# Exercise directions
Quote, word for word, the line containing "SQLite Viewer Mac" and all lines that follow it to the end of the records, with no pictures.

# Data for this exercise
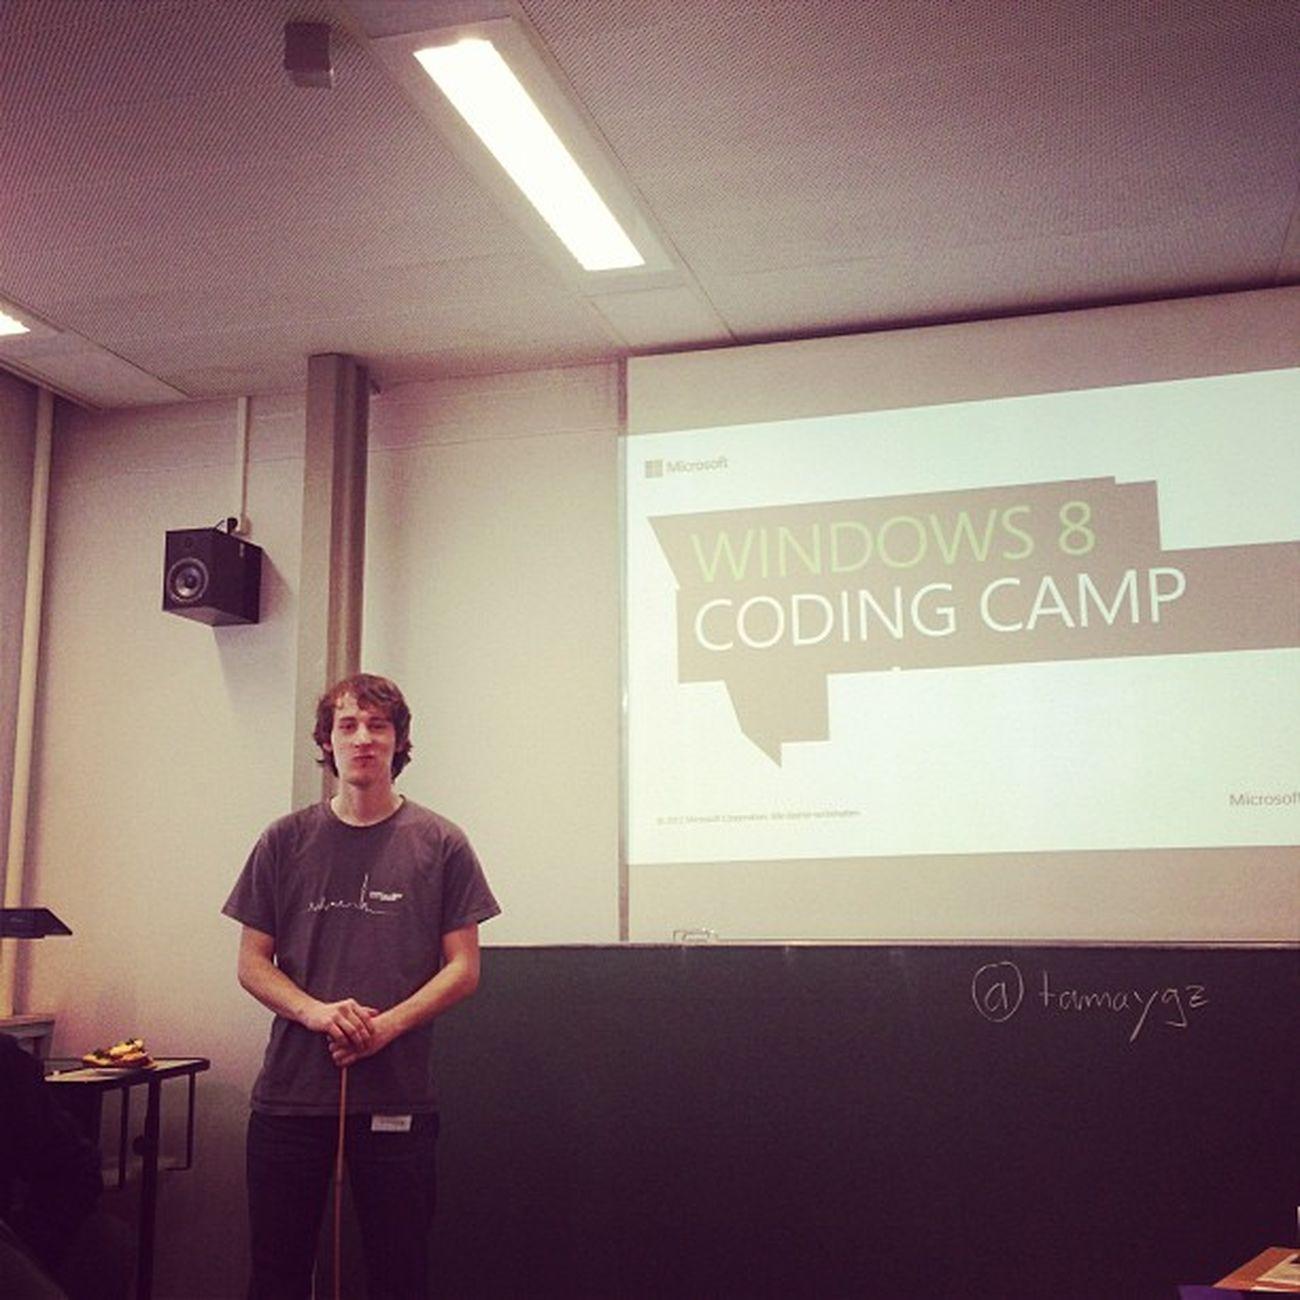 Hallo, kaibrummund! #win8codingcamp Win8codingcamp
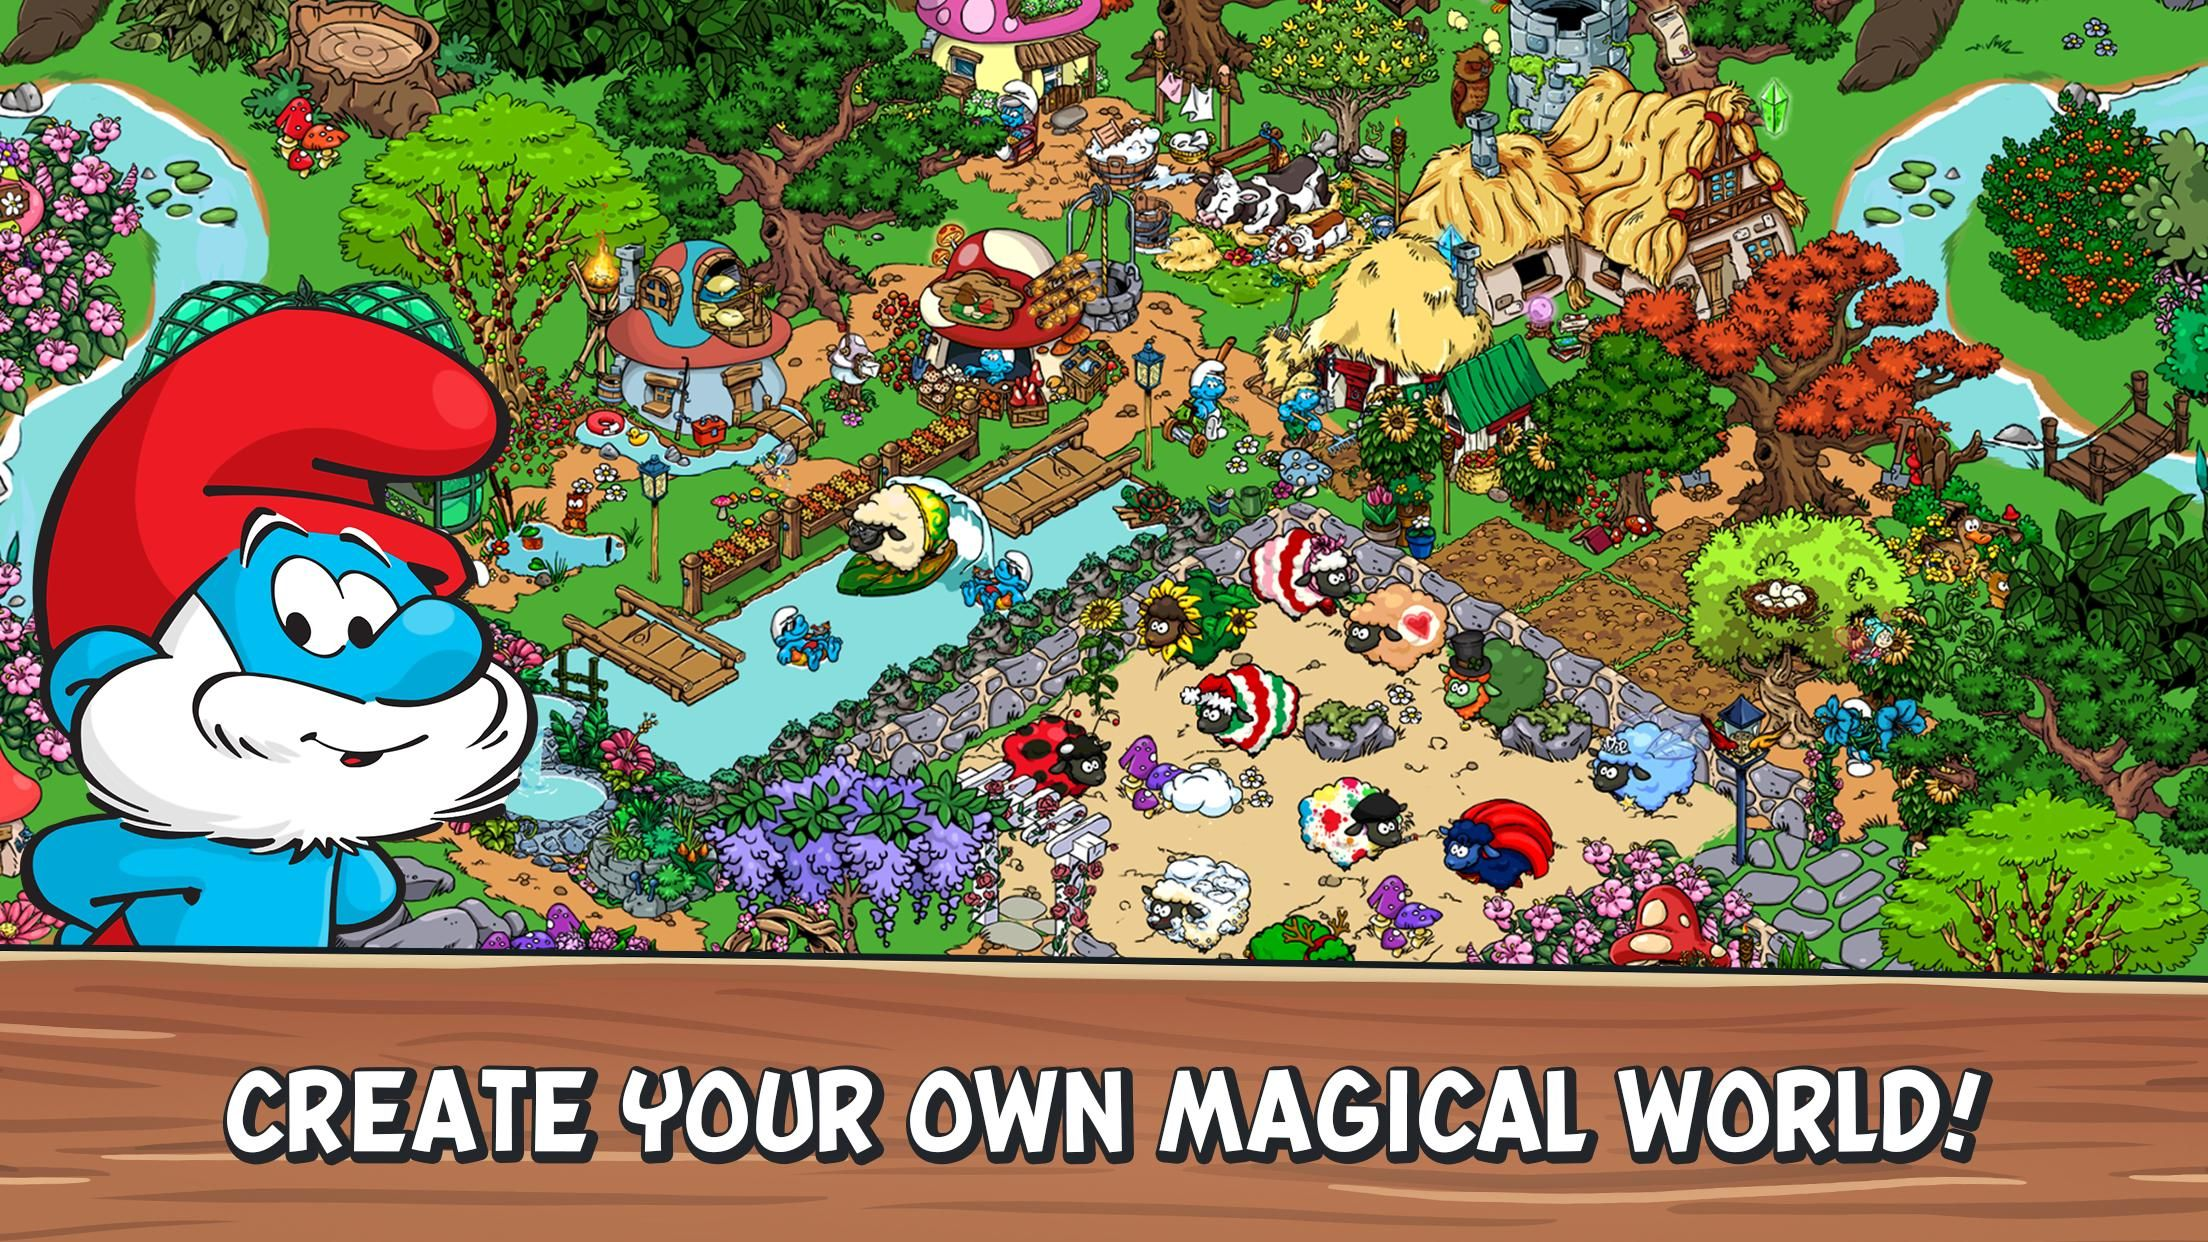 Smurfs Village Full Hileli Mod Apk Indir 8211 V1 98 1 Oyun Hile Isletim Sistemi
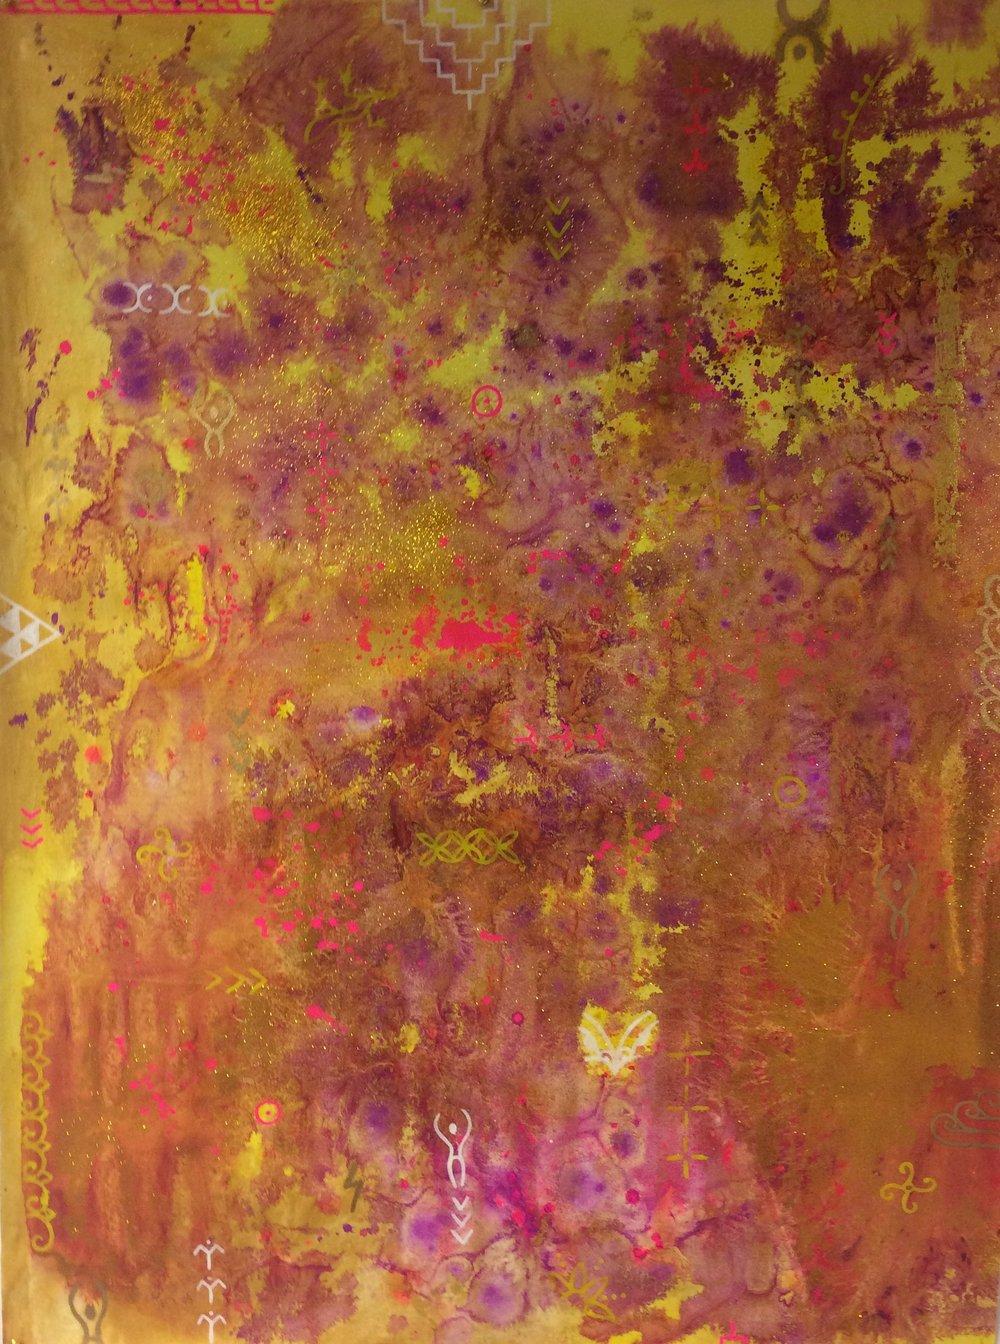 'All one under the sun' by Taryn Beri.
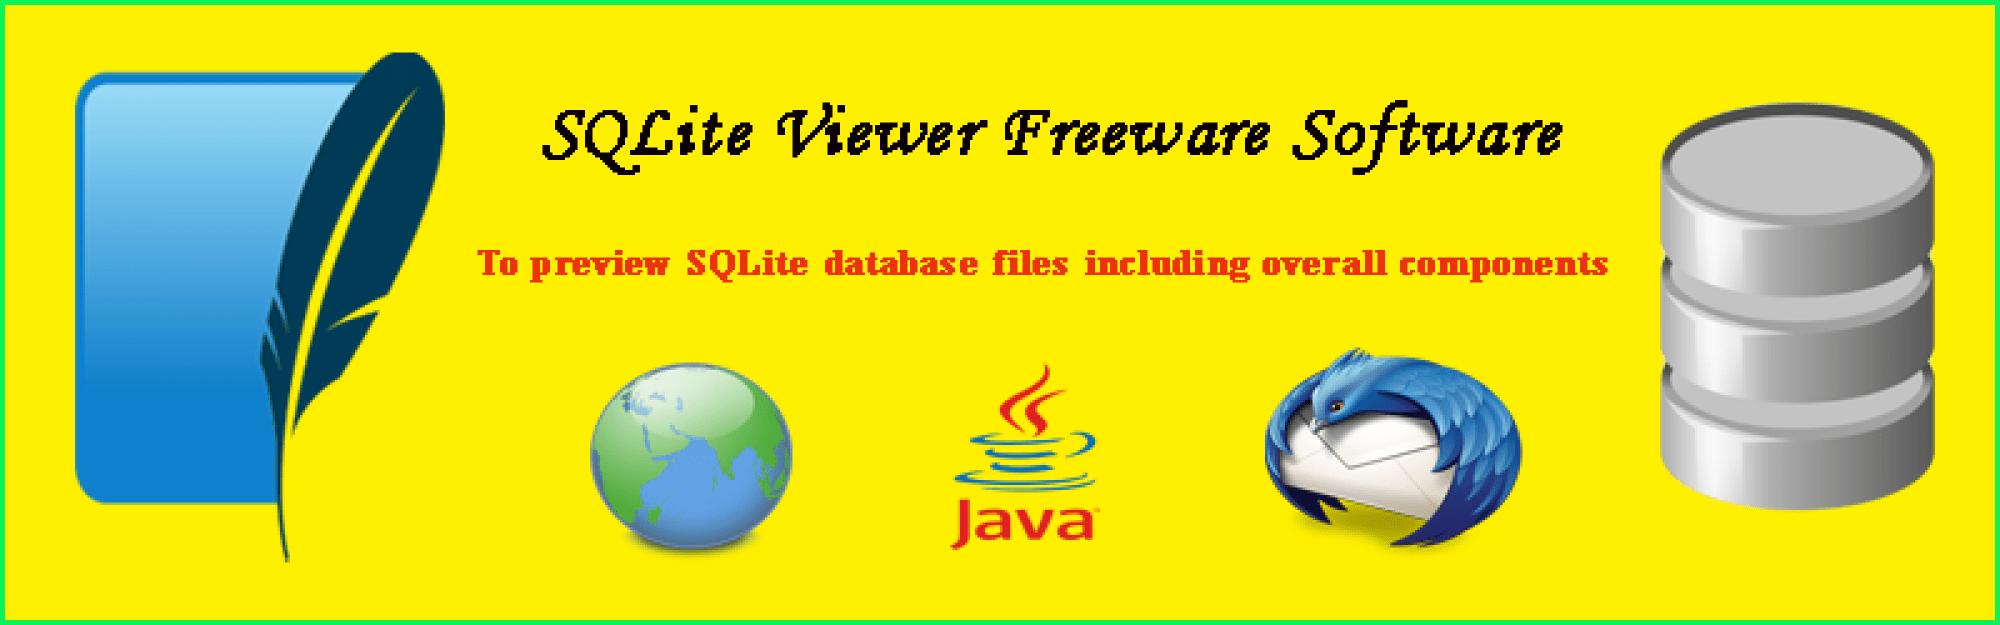 SQLite Viewer Mac Provides Possibility to View SQLite
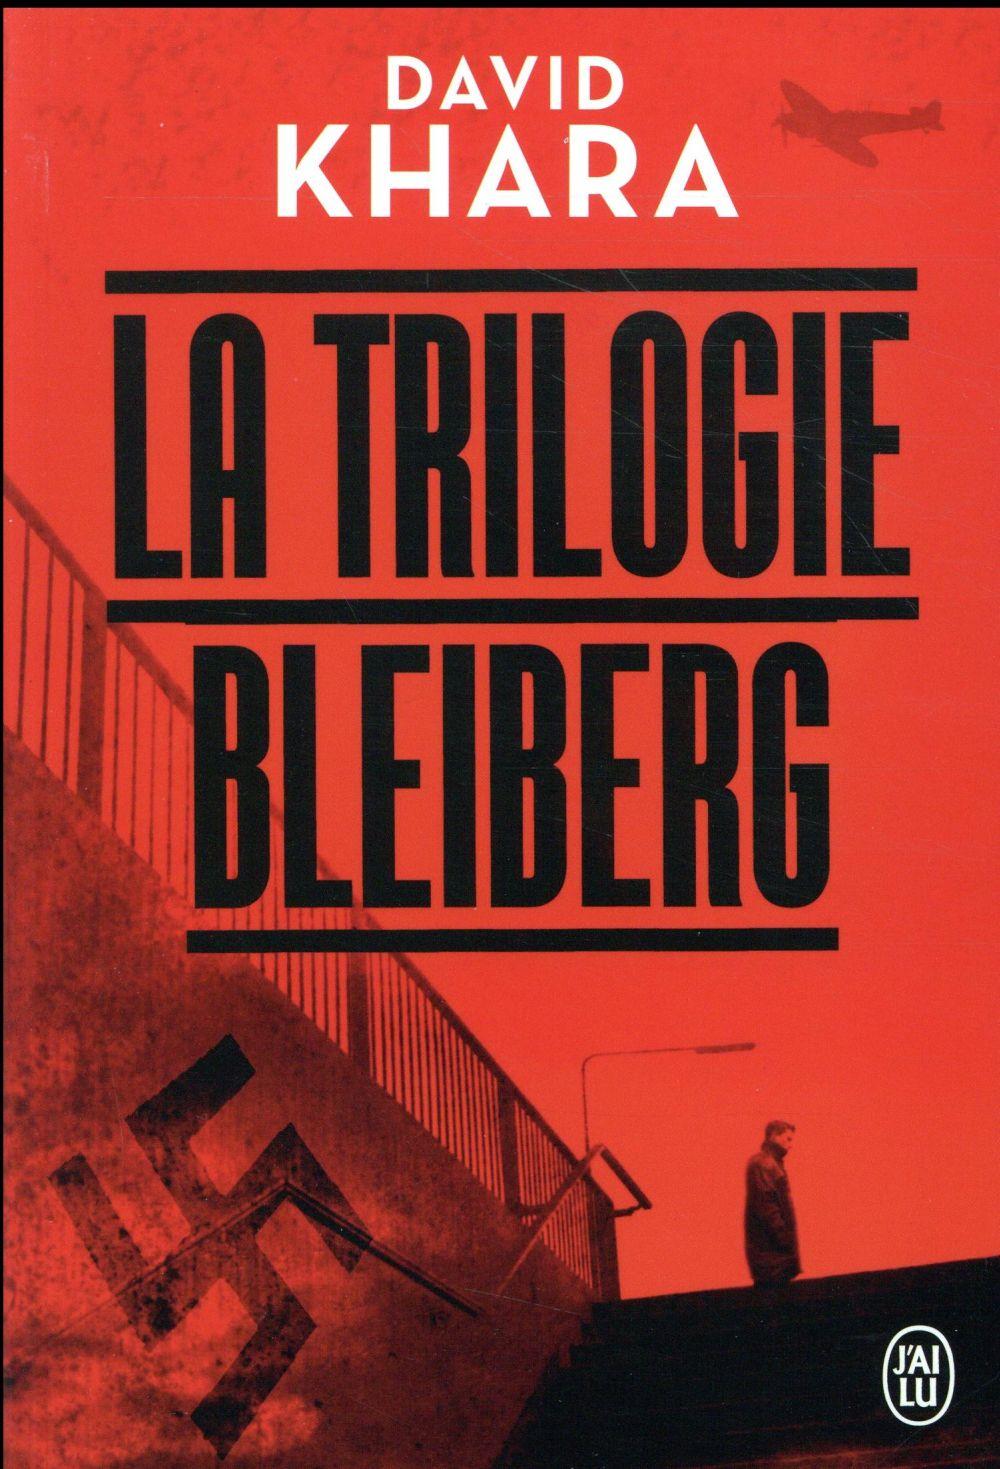 Khara David S. - LA TRILOGIE BLEIBERG

# Output of the exercise
 SQLite Viewer Mac Provides Possibility to View SQLite
 Khara David S. - LA TRILOGIE BLEIBERG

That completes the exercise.